Write performance drops on 5-config replica, 5 shard (2 arbiter) cluster

In an extremely write heavy intensive job for multiple days (with only ~4 small required indexes) mongodb will stop for minutes and do this over and over writing to disk heavily. Then when it’s done, it starts again but seemingly with more limited performance each time. What is happening and how can I prevent it?

2020-04-12T15:41:34.914-0400 I STORAGE [WTCheckpointThread] WiredTiger message [1586720494:914549][78231:0x7fd3ef33a700], file:collection-17–5766071557703571556.wt, WT_SESSION.checkpoint: Checkpoint has been running for 2021 seconds and wrote: 5435000 pages (179714 MB)

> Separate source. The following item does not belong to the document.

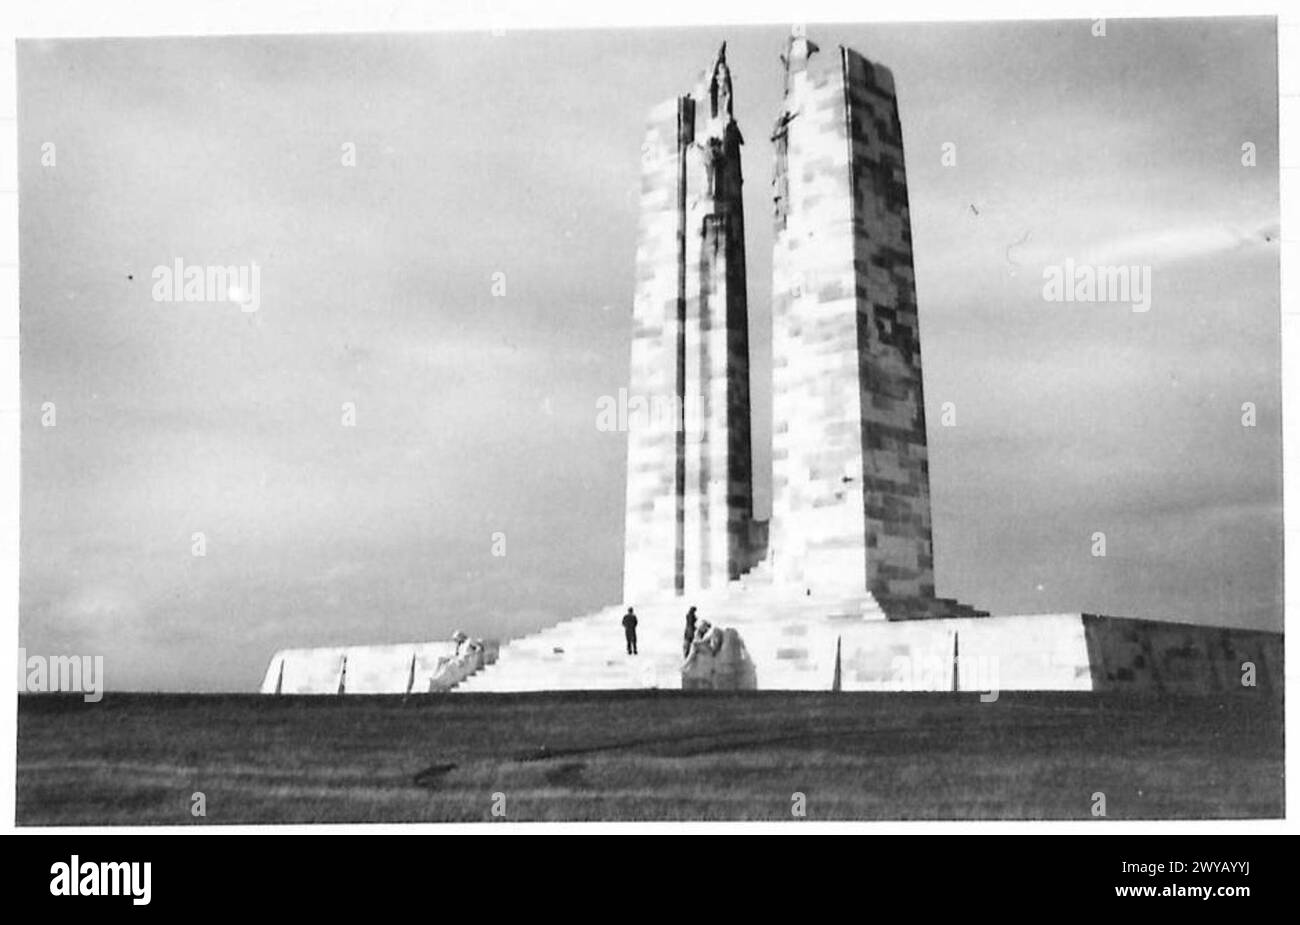 CANADIAN MEMORIAL : VIMY RIDGE - didascalia originale in tempo di guerra: Serie di immagini del Canadian War Memorial a Vimy Ridge. Negativo fotografico, British Army, 21st Army Group Foto Stock

Let me clarify since I now understand a little further. This was a 5 member replicaset configured as one shard. I have since moved on from this configuration although the underlying message still appears. To essentially “get around” this, I have moved spun up additional instances/shards on the same physical server, thus the performance penalty of “stopping accepting writes while I write out pages to disk” is somewhat further distributed.

Without more information I would guess that there is not enough memory for your workload.

The workload is extreme write heavy with no indexes (will generate those after most content is inserted). Basically I’m trying to figure out why mongodb needs to pause/slow-down to write out checkpoint. Why wouldn’t it be constantly writing these out?

Other than adjusting the write concern journal to false and specifying a high maximum 500ms of https://docs.mongodb.com/manual/reference/configuration-options/#storage.journal.commitIntervalMs what else can I do to make it “batch writes”? I can’t turn off journaling anymore when you cluster (can’t run shards without replicasets (even of 1).

It’s actually the exact opposite. Too much memory let too many dirty pages hang around and then all must be written at the same time. Thank you percona for writing this up: https://www.percona.com/blog/2020/05/05/tuning-mongodb-for-bulk-loads/